Discovering a novel d-xylonate-responsive promoter: the PyjhI-driven genetic switch towards better 1,2,4-butanetriol production
The capability of Escherichia coli to catabolize d-xylonate is a crucial component for building and optimizing the Dahms pathway. It relies on the inherent dehydratase and keto-acid aldolase activities of E. coli. Although the biochemical characteristics of these enzymes are known, their inherent expression regulation remains unclear. This knowledge is vital for the optimization of d-xylonate assimilation, especially in addressing the problem of d-xylonate accumulation, which hampers both cell growth and target product formation. In this report, molecular biology techniques and synthetic biology tools were combined to build a simple genetic switch controller for d-xylonate. First, quantitative and relative expression analysis of the gene clusters involved in d-xylonate catabolism were performed, revealing two d-xylonate-inducible operons, yagEF and yjhIHG. The 5′-flanking DNA sequence of these operons were then subjected to reporter gene assays which showed PyjhI to have low background activity and wide response range to d-xylonate. A PyjhI-driven synthetic genetic switch was then constructed containing feedback control to autoregulate d-xylonate accumulation and to activate the expression of the genes for 1,2,4-butanetriol (BTO) production. The genetic switch effectively reduced d-xylonate accumulation, which led to 31% BTO molar yield, the highest for direct microbial fermentation systems thus far.

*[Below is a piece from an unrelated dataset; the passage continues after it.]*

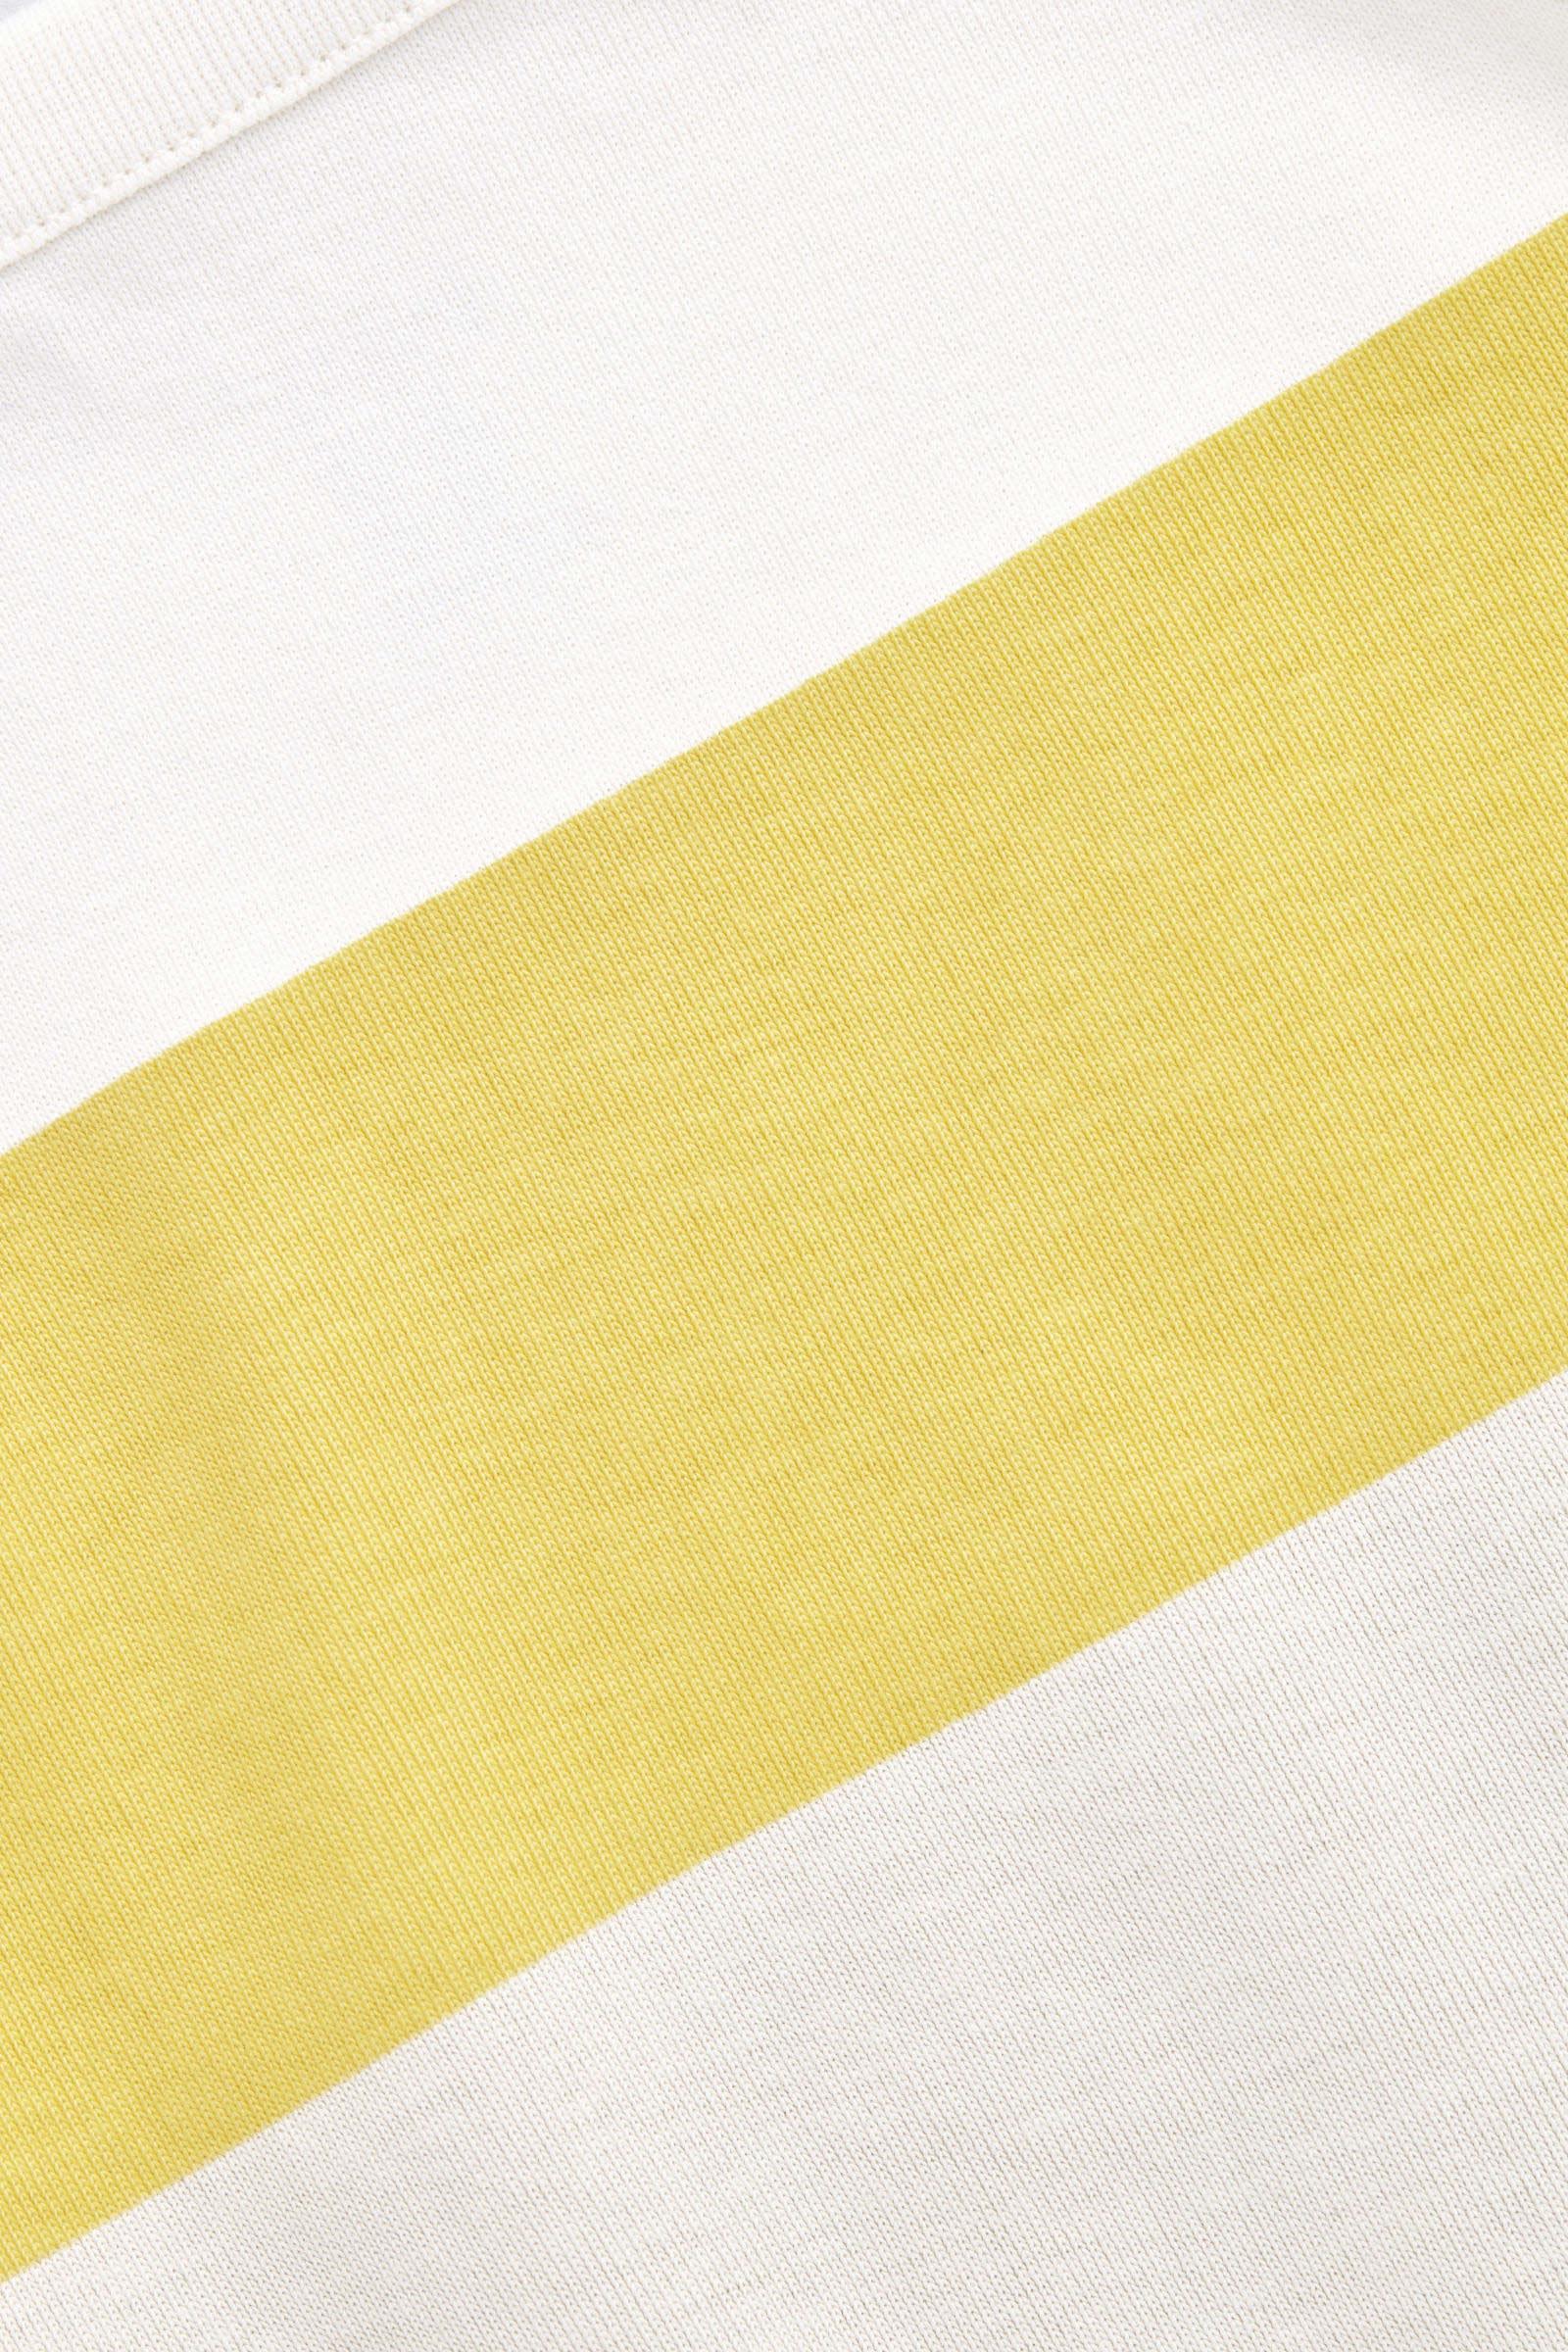 COS 컬러 블록 코튼 베이비 그로우의 크림 / 옐로우 / 베이지컬러 상품컷입니다.
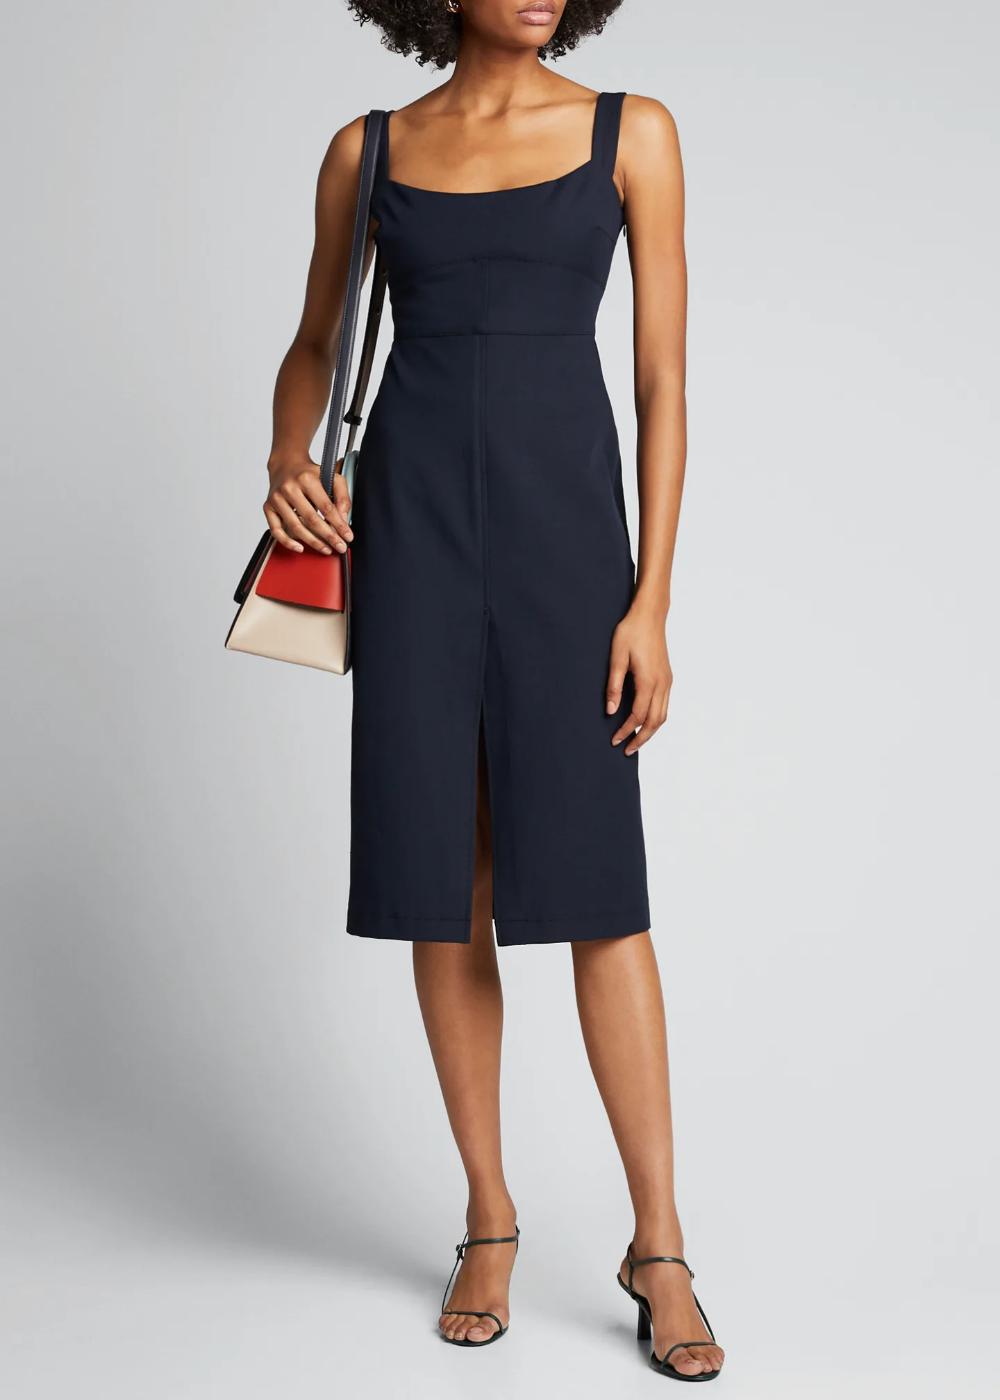 Rachel Comey Rankin Bi Stretch Midi Dress Stretch Midi Dress Midi Dress Dresses [ 1400 x 1000 Pixel ]

This genetic switch can be further modified and employed in the production of other compounds from d-xylose through the xylose oxidative pathway.
Keywordsd-Xylonate Dahms pathway yjhI promoter Genetic switch 1,2,4-Butanetriol
This work was supported by Korea Research Fellowship Program through the National Research Foundation of Korea (NRF) funded by the Ministry of Science and ICT (2015H1D3A1062172 and 2016R1C1B1013252) and by the Ministry of Education (2018R1D1A1B07043993).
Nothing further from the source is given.